The caption reads “scary.” But the companion photo, with the words “Not Really,” shows the photo as it was taken. Instead of a man sliding down the mountain, he’s merely jumping up while his companion, lying down, holds his hand up as if trying to save the man.

The “scary” photo, rotated 90 degrees, shows an entirely different perspective. But even knowing there was photographic trickery involved, I still feel my pulse racing no matter how many times I look at the photo.

• • •

Reaction continues to come in to the recent column on panhandlers. Here are some of the comments:

Ron Querry: I agree with your initial caller (who suggested people like me aggravate the homeless situation. You’re encouraging them, and it’s not good for our city.

Jim Terr: I like the guy who asks for five dollars, just to raise the bar a little bit and make you feel like you’re cheap if you give him only a dollar.

And Jeanette Yara made me aware of how difficult it is to dictate how panhandlers spend the money we give them.

True, most beggars tell us what they need the money for, but once we give it up — with no strings attached — isn’t it out of our hands — literally?

• • •

Were the TV announcers of the NCAA championship game Monday even aware of the Tar Heels’ opponent? We saw virtually no views of the Villanova bench nor its coach, nor its fans.
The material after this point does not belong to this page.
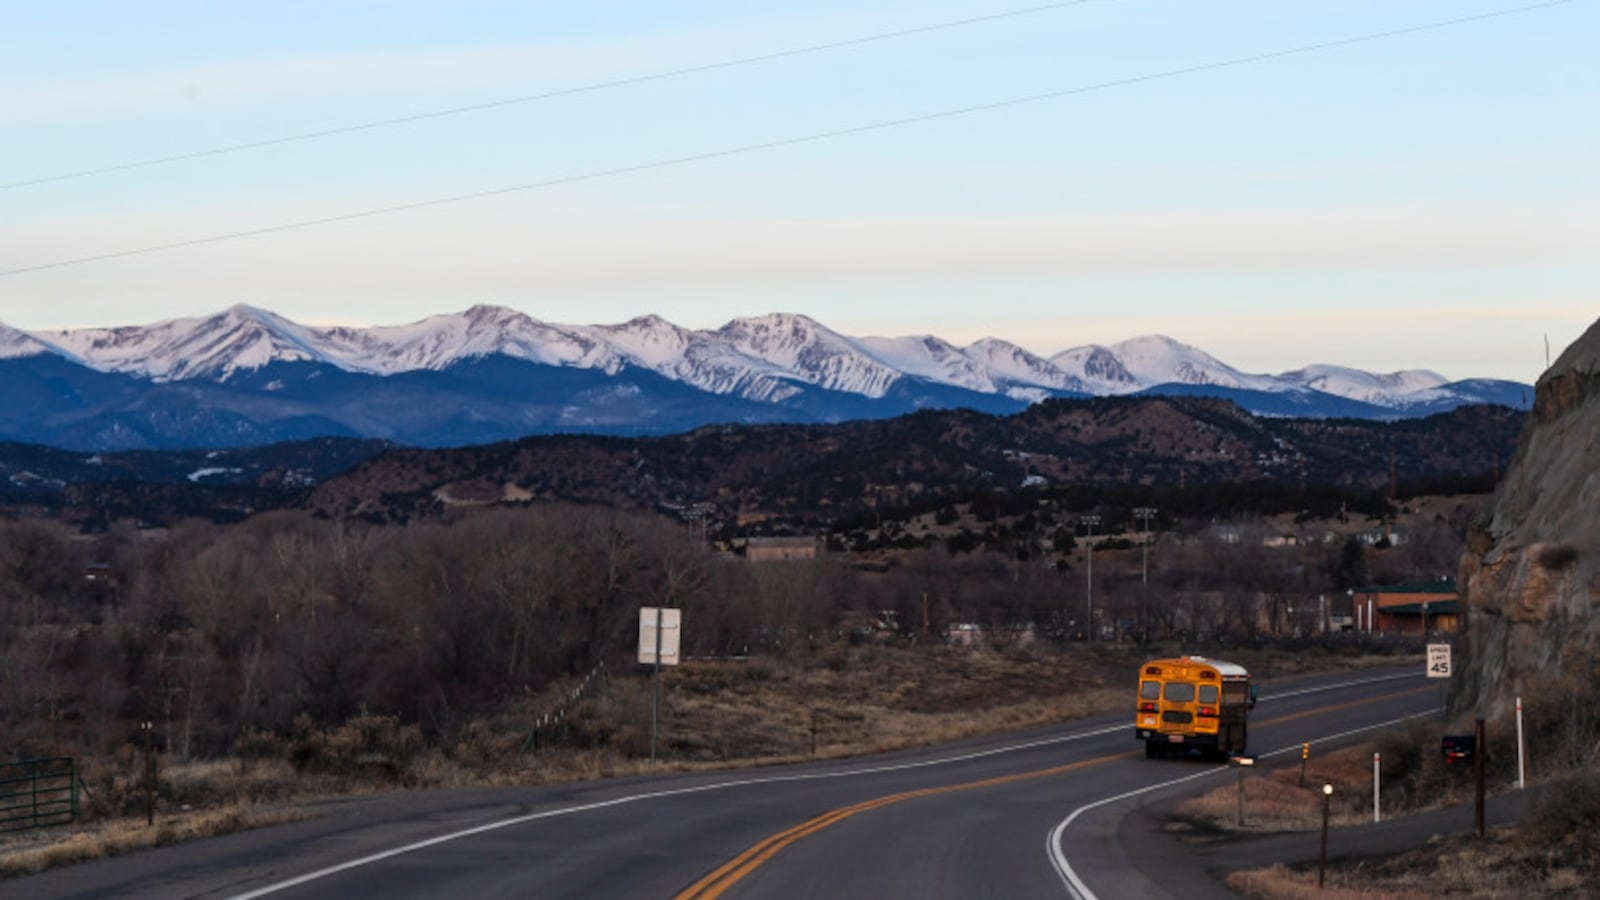 A school bus from the Primero district drives down a highway with the Sangre de Cristo mountains in the background.

But worse was the announcers’ continual reference to the “bad luck,” “sadness” and “miserable way to end a season” for the Tar Heels.

Did the announcers even notice that a better team had just defeated N.C. on a buzzer-beater? The coverage ended with file clips of N.C. against other teams.

I wish the announcers, Wes Durham and Brendan Haywood, had made their comments part of a joyous occasion, a victory for Villanova instead of a funeral dirge for North Carolina.